Created in honor of Jack Ewing and his love for supporting the youth, Blythe Family Fitness will begin its fourth year of 'Jack's After-School Program.'

Jack’s After-School Program for students in 4th through 8th grade will be starting its fourth year at Blythe Family Fitness on September 4 as a way for students to destress and have fun after school in a healthy way.

In an electronic-free zone, the program allows students to play games like hockey, kickball, dodgeball, tennis, soccer, board games and charades with full participation and attention.

The program, created in honor of Jack Ewing who passed away in 2015, will be held on Tuesday’s and Thursday’s from 3:45 to 5:30 p.m.

Sign up is available at Blythe Family Fitness or the recreation department, and the fee is $20 a month per kid; if students qualify for free lunches at school, then the program is free for them to participate in.

“When he passed away, people were giving donations in honor of Jack, and the family asked if I would start this,” said Kristina Kaufman, executive director of Blythe. “I said yes, I would be more than happy to because Jack was all about the kids and interacting with them.”

Jack felt that kids should be engaged and present in whatever it was they were participating in though,  Kaufman said, so that is why the program was designed to be electronic-free.

“We incorporated a healthy snack, we do homework time, and then we just play,” Kaufman said. “We play all kinds of games but we try to incorporate the community too.”

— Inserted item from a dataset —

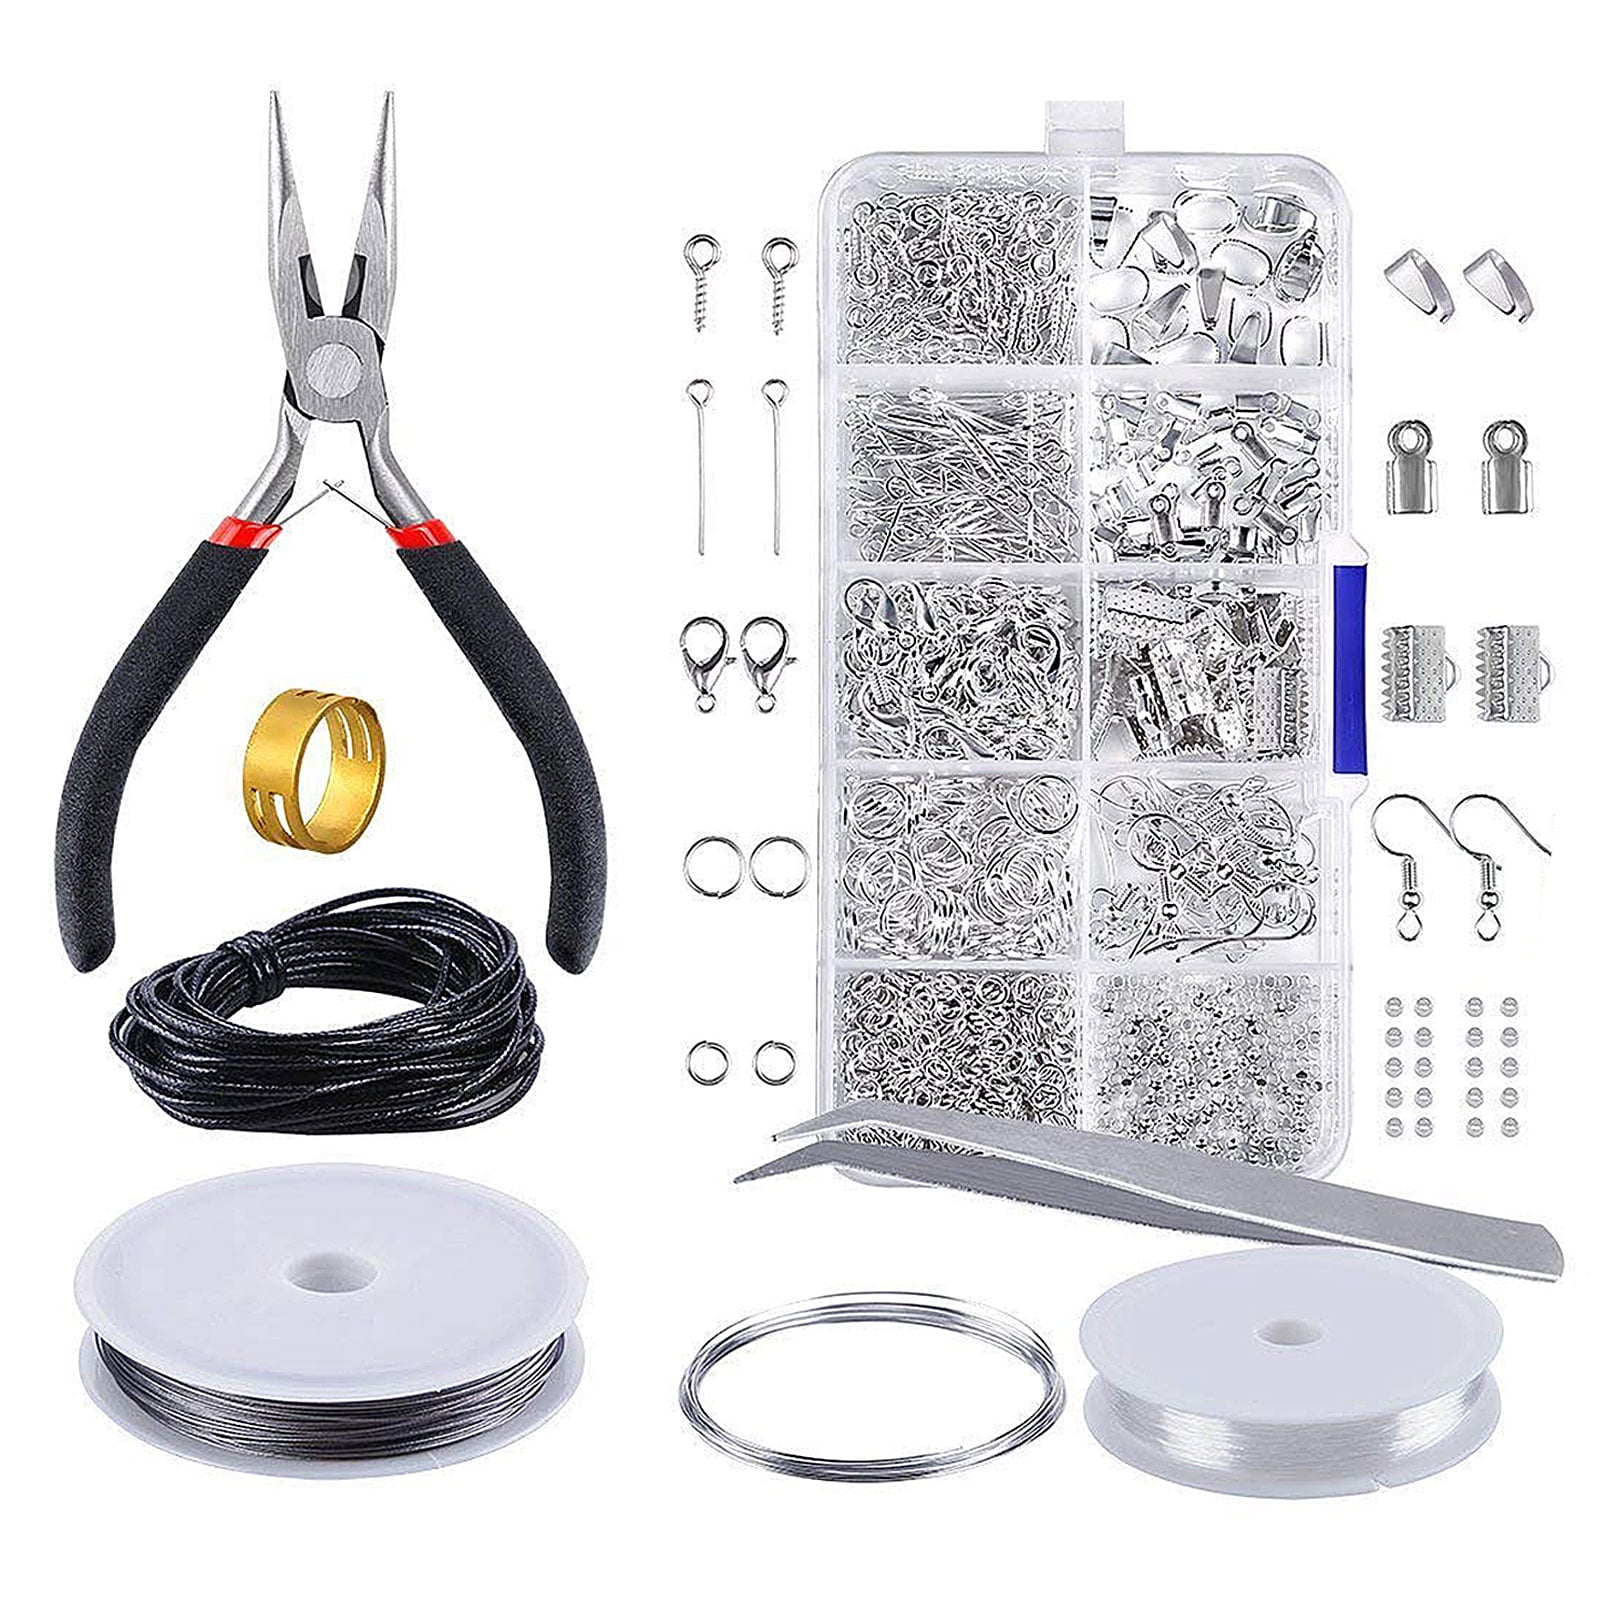 2240Pcs Open Jump Rings and Lobster Clasps, GTAAOY Jump Rings for Jewelry  Making Kit with Pliers Tweezers, Perfect Jewelry Findings Kit for Jewelry

“The thing that I love the most is the interaction with the kids,” Kaufman said. “All the donated dollars that people have donated in the name of Jack is basically what’s helping to support this program.”

If students have extra-curricular activities or school functions after school, Kaufman said that they do encourage the kids to attend those events so they can mingle with their peers and be engaged with their school activities.


“It helps with communication and just not being so sedentary all the time, getting movement,” Kaufman said. “We do exercise in a fun way. Like, a lot of these kids are not in sports, they don’t want to be in sports, and so we’re showing them that they can still have fun.”

The bonds formed with the kids in the program are very important, Kaufman said, because it helps the kids build confidence and communication skills while getting exercise in the process.